Palmer’s army closed in on all their stations. Strong’s men fought back, opening fire on the invaders – but as a rule, as soon as they were served legal papers to cease and desist – they laid down their guns and left. After several ugly stand offs, papers were eventually delivered to besieged Santa Fe gunmen.
In Pueblo things looked set to get really nasty – both armies had close to 100 men a side. The Santa Fe army, led by Bat Masterson, were holed up in a roundhouse used to move trains around. The armies exchanged gunfire with one another. Eventually J.A. McMurtrie’s men forced the door open, and men flooded in to take the roundhouse. Papers were served.
And this is where I have to throw a Deus ex-machina into the mix – or should that be a diabolus ex-machina? A demon on a wire? The constant fighting left the Rio Grande drained of funding. William Barstow Strong still held a lease for their property, and would eventually send in his own people to repossess them back again. Not a lot of business is going on with the Rio Grande when their stations are packed with armed men looking for a fight. To pre-empt Strong, Palmer put the Rio Grande into receivership. He had a friend lined up to be the receiver – but the courts insisted on their own receiver who would refuse to be Palmer’s puppet.
General William Palmer finally managed to tank his own railway. The Santa Fe looked on – as the diabolical figure of Jay Gould swooped in to pick over the carcass.
Jay Gould was the King of the American Railway. In a world of larger than life figures, Gould was quiet and unassuming – but due to his terrifying ruthlessness – a formidable figure. He’d been watching the proceedings and decided the best tactic was to buy out Rio Grande shares once they hit rock bottom. With a controlling stake he called Palmer and Strong to his office to lay down the law.
The Robber Baron’s terms were as follows. Both companies were to cease litigation immediately. The Santa Fe would hand all the Rio Grande’s tracks and equipment back to them free of charge. If they didn’t, Gould would reach into his considerably deeper pockets and build his own lines alongside Santa Fe lines. He would then run those rails as cheaply as was needed to put them out of business. The Rio Grande would get the line through the Royal Gorge, but have to pay the Santa Fe $1.4 million for their trouble. From here on in the Rio Grande would only build north of Pueblo, the Santa Fe south of Pueblo. Neither tycoon had a choice but to accept Gould’s terms of surrender.

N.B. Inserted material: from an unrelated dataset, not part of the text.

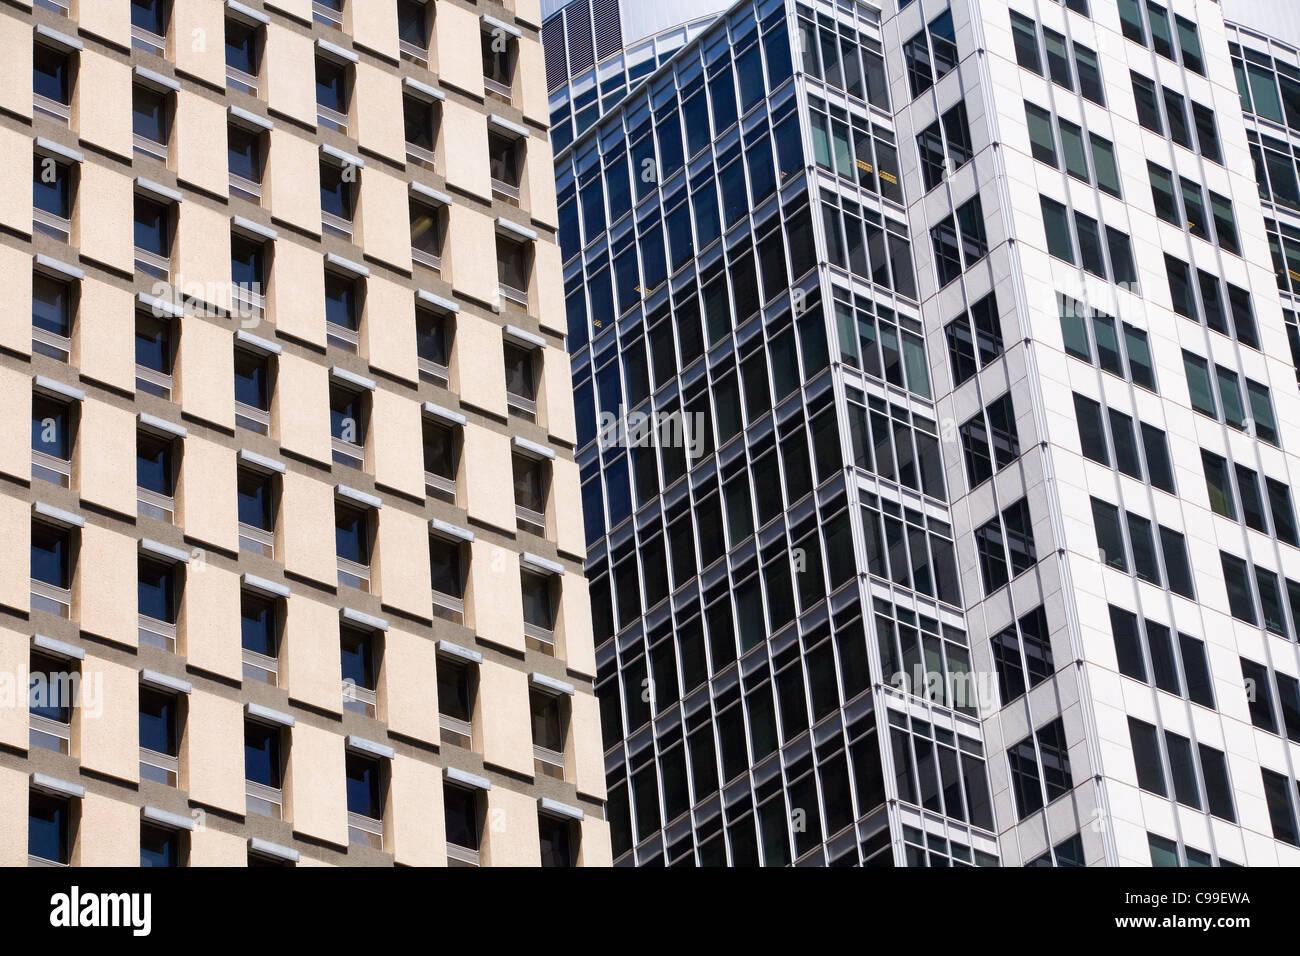 La arquitectura moderna del distrito central de negocios de Sydney. Sydney, New South Wales, Australia Imagen De Stock

As a coda, somewhere in Leadville, in amongst the hired thugs awaiting orders – is a young man with a singular skill set. He’d come to Leadville with high hopes of finding silver, but ended up moving a lot of dirt around. When the tycoons sent men out to find gunslingers, he happily volunteered – as a skilled sharpshooter – what we’d now call a sniper. I’ve got a few Wild West tales to share over the following year – the next chapter will be much later in the year. This man will intersect with all of them. As a gun for hire he’ll murder dozens of men, before he faces his moment of truth …. But we’ve got a lot of ground to cover before we tell his tale.